I find it really hard to visualize reshaping 4D 5D arrays in numpy/pytorch. (I assume both reshape in similar patter, I am using pytorch currently!).
Like suppose I have videos with dimension [N x C x D x H x W]
(num videos x channels video x frames video x height video x width video)
Suppose I want to reshape video into frames as [N x C x H x W], how should I proceed in reshape.
Simple applying x = x.reshape(N*D, C, H, W)
doesn't actually do it, it gives wrong order of elements.
Can you help me with how to do this, and any slight of intuition of pattern you used?
On a sidenote, if i have one video (i.e suppose 1x3x100x256x256 I use :
the following code approach:
x = x.squeeze(0).T.reshape((100,3,256,256))[:,:,None,:,:]

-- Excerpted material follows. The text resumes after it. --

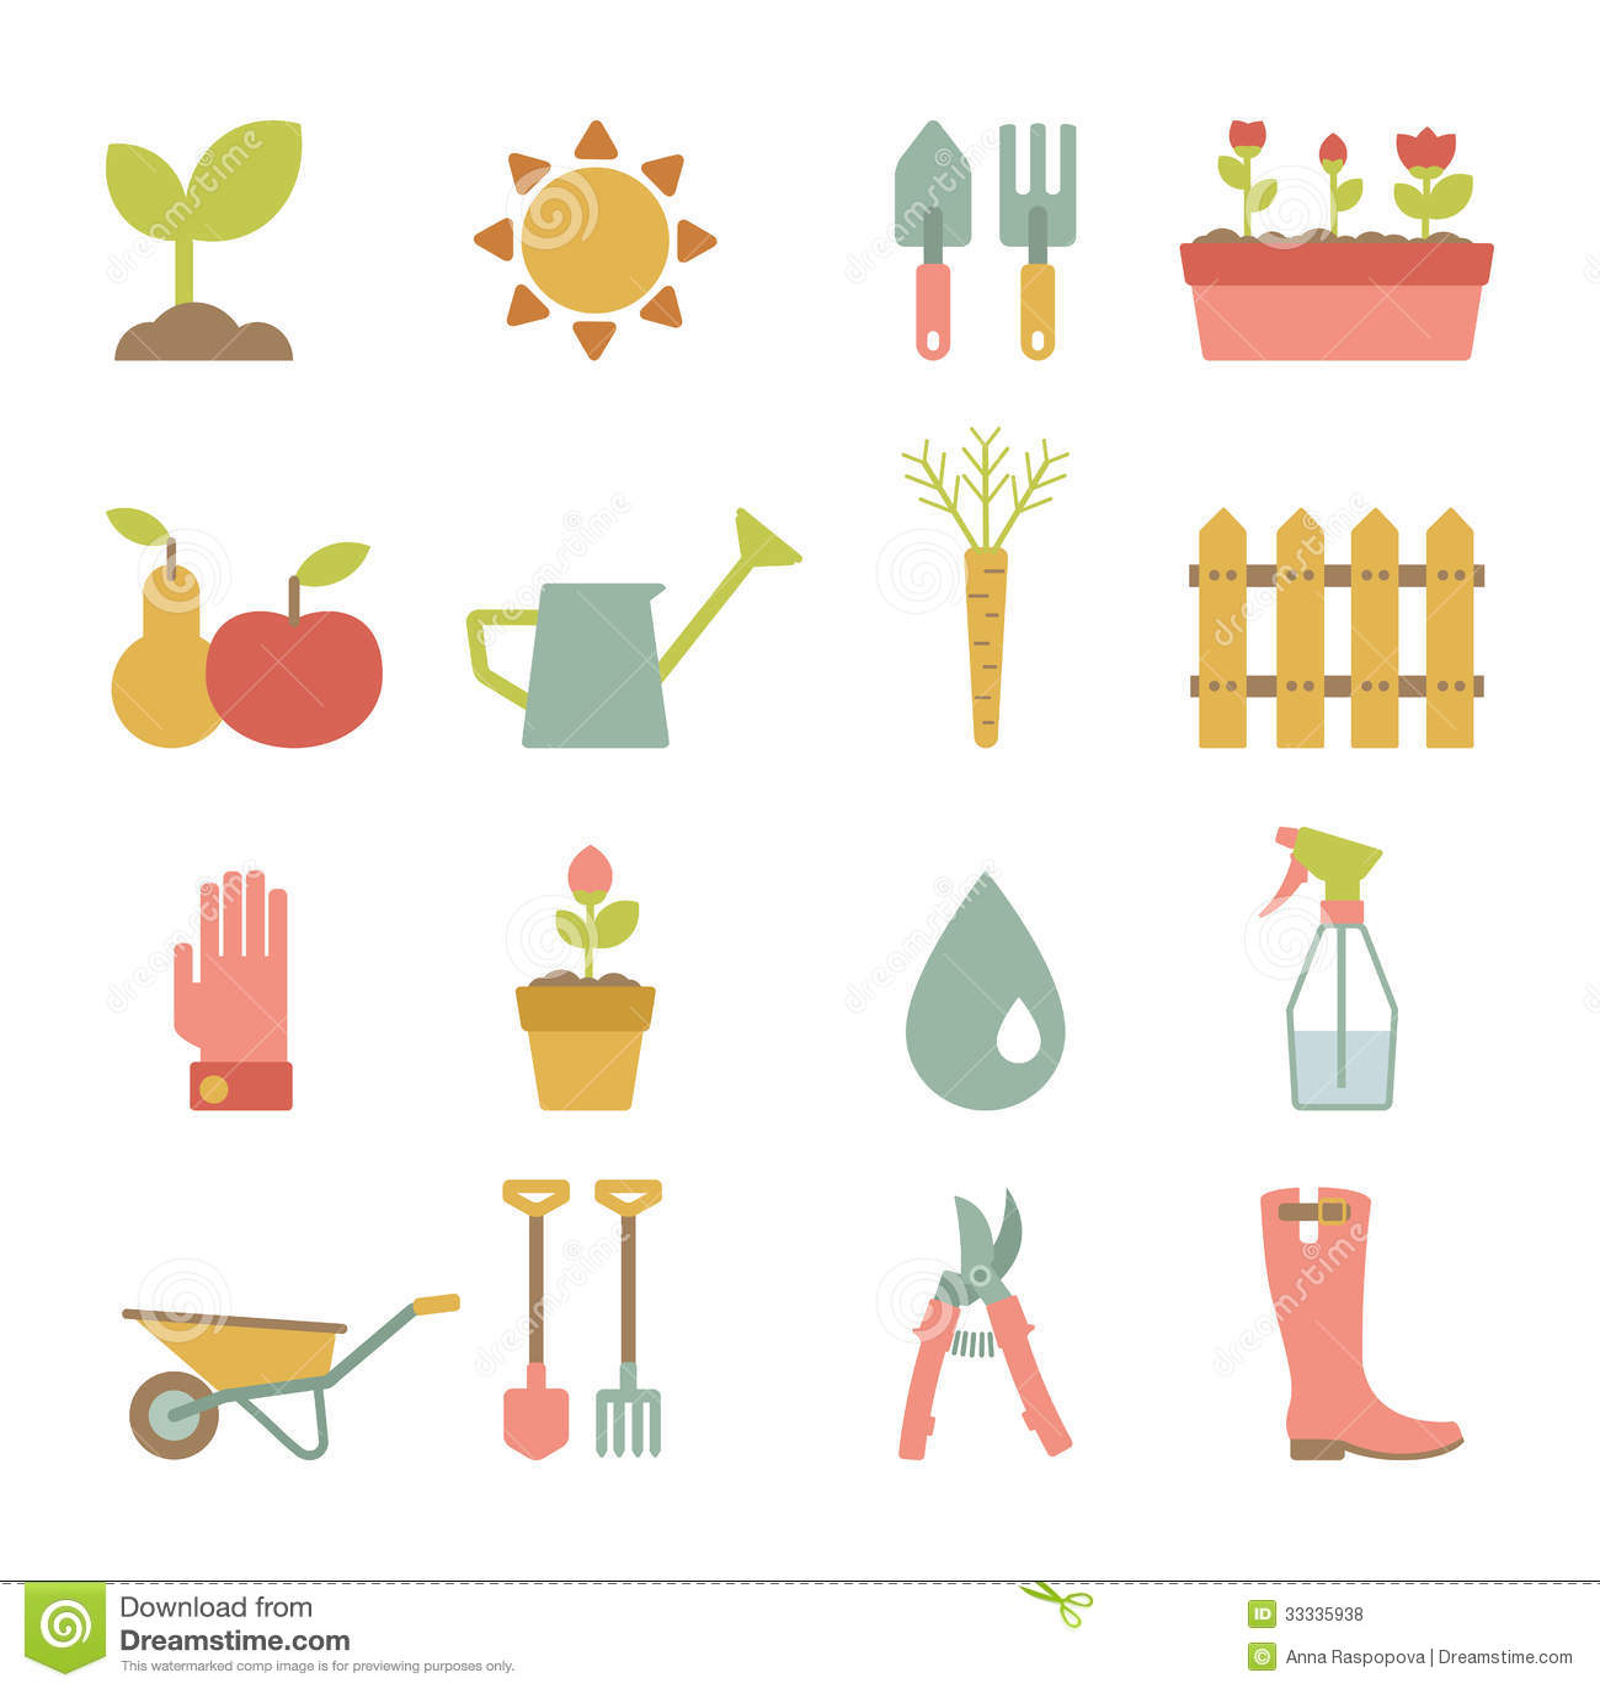 Gardening Icons Royalty Free Stock Photos - Image: 33335938

and it worksgreat. Couldnt figure out for more than 1 video.
Thanks!
As per the request :
input = np.random.randn(N,C,D,H,W)
output = np.zeros((N*D,C,H,W))
As per the request, a for loop based code to show what I want
for h in range(N):
for i in range(D):
for j in range(C):
for k in range(H):
for l in range(W):
output[h*D + i,j,k,l] = input[h,j,i,k,l]